Torpey is seeing to it that hip-hop's "four elements" - MCs, DJs, break dancers and graffiti artists - are present by inviting local b-boy crews and area MCs. In lieu of showcasing local graf artists (who would likely be hesitant to throw their tags up in front of hundreds of spectators), organizers will instead screen old-school hip-hop movies like "Wild Style."

"Really it should be a celebration," said Torpey, who also hosts "The Parlance" once a month at the Eighth St. Tap Room. "People should be talking about this and anticipating it and thinking about it as a really big thing to look forward to every year."

Another improvement are the prizes awarded to the battle champ: a Vestax DJ mixer (retail $400), a posh pair of headphones and an opening slot with DJ Shortkut (Beat Junkies, Invisbl Skratch Piklz) the next day at The Bottleneck.

These prizes were what attracted DJ Sku, who skipped the last two Wax Clashes even though he regularly travels as far as Chicago, Madison and St. Louis to compete in DJ battles.

"The MC battles around here were paying like $500, the b-boy battles were paying like over $2,000 and here comes the Wax Clash and they're giving away like a $50 gift certificate to Love Garden," he said.

Scaredy cats

Though the competition is stacked with established talent, it will also provide a handful of newcomers an opportunity to showcase their skills in front of a crowd that - if past events are any indication - should number 300 or more.

"It's always cool seeing new DJs come out of their bedrooms, 'cause it's hard to get up there in front of all those people," Sku said. "You're nervous; you're shaking; you hope your needles don't skip ... Every time I'm up there I'm scared. I just don't show it."

According to Proof, the saturation of DJ "how-to" books and battle videos has made it easier than ever for aspiring DJs to learn the tricks of the trade.
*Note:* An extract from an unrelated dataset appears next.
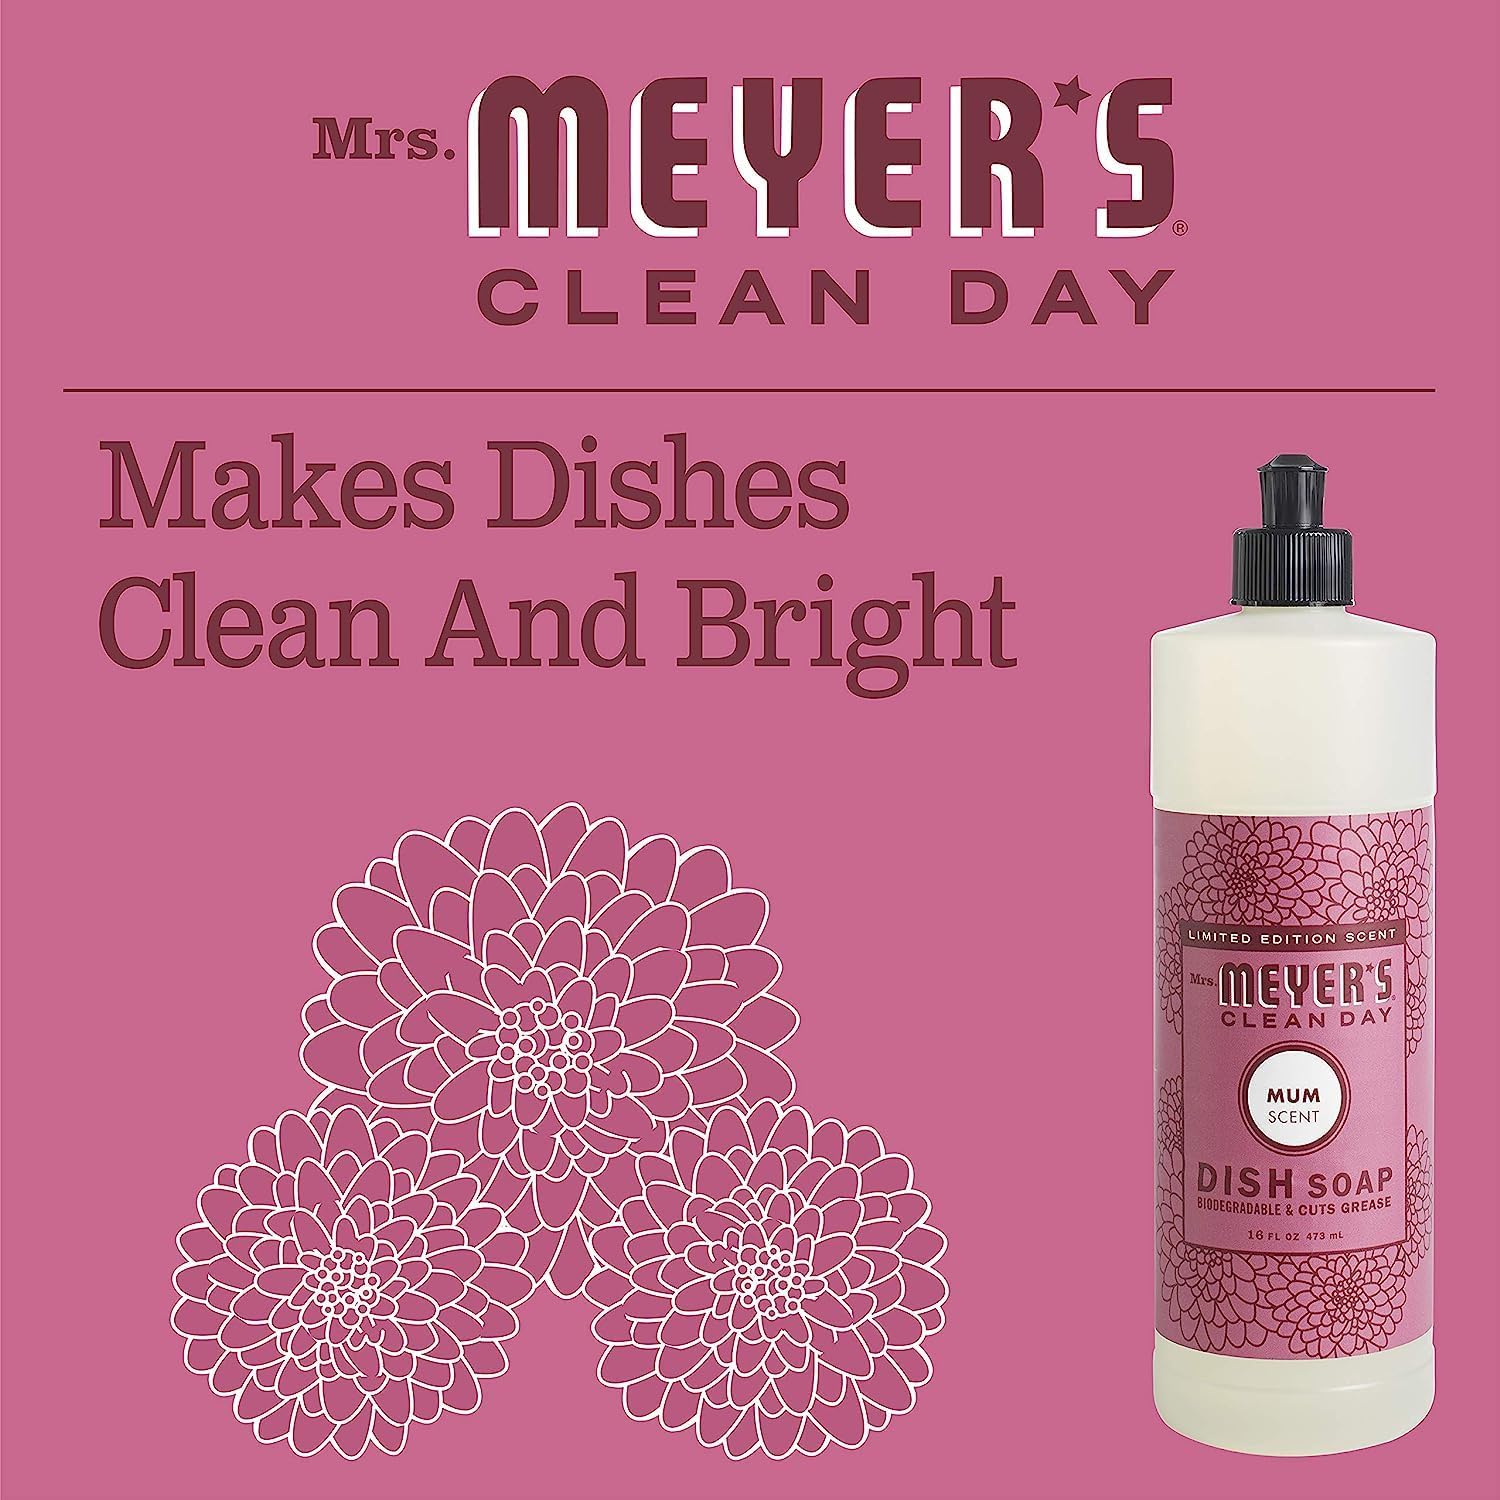 MRS. MEYER'S CLEAN DAY Variety, 1 Mrs. Meyer's Liquid Dish Soap, Acorn Spice, 16 OZ, 1 Mrs. Meyer's Liquid Dish Soap Mum, 16 OZ, 1 CT : Health & Household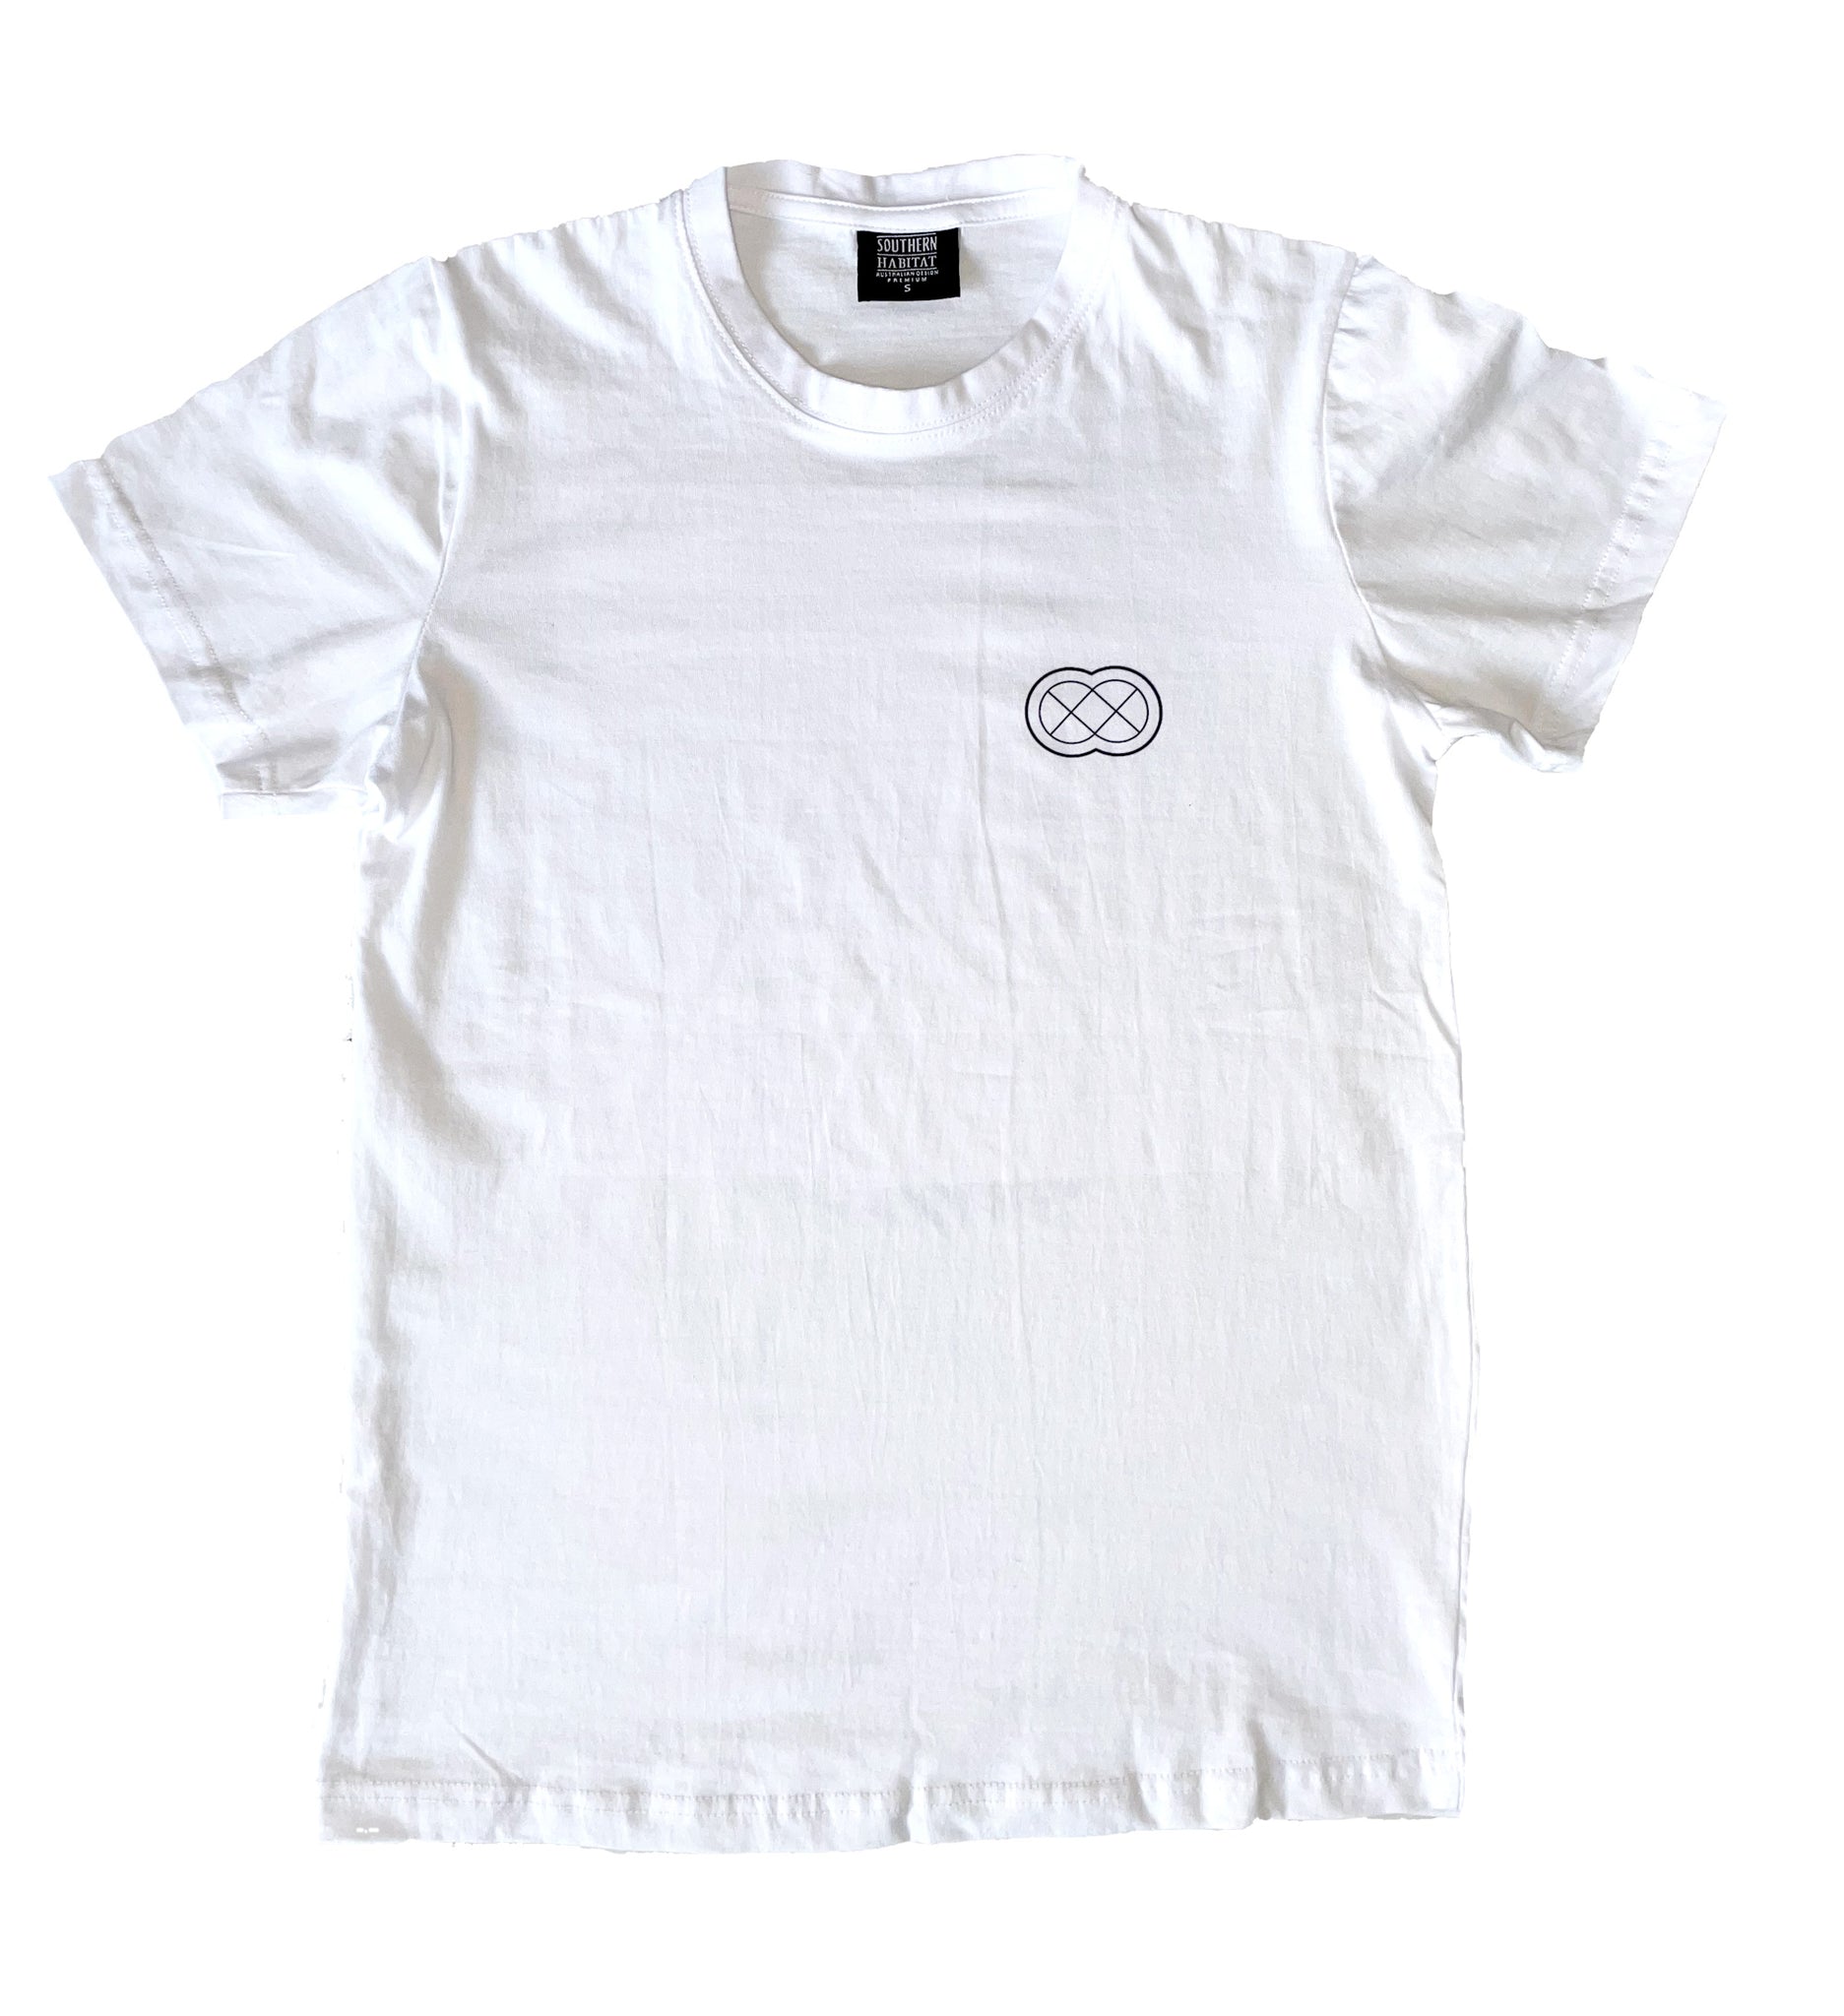 Spoke Motorcycle Festival White T-shirt - Spoke Logo

Lawrence DJ and 2004 Wax Clash combatant Justin Riley.

"Nowadays cats got it pretty easy," he said. "I had no idea what the hell a slipmat was because I had yet to see somebody cutting off papers or felt and putting them under their wheels so they could get it to back-cue that much quicker."

"...But I don't knock that at all because, then again, when it comes to the mix and when it comes to party rocking, there's no way those kids got anything on me."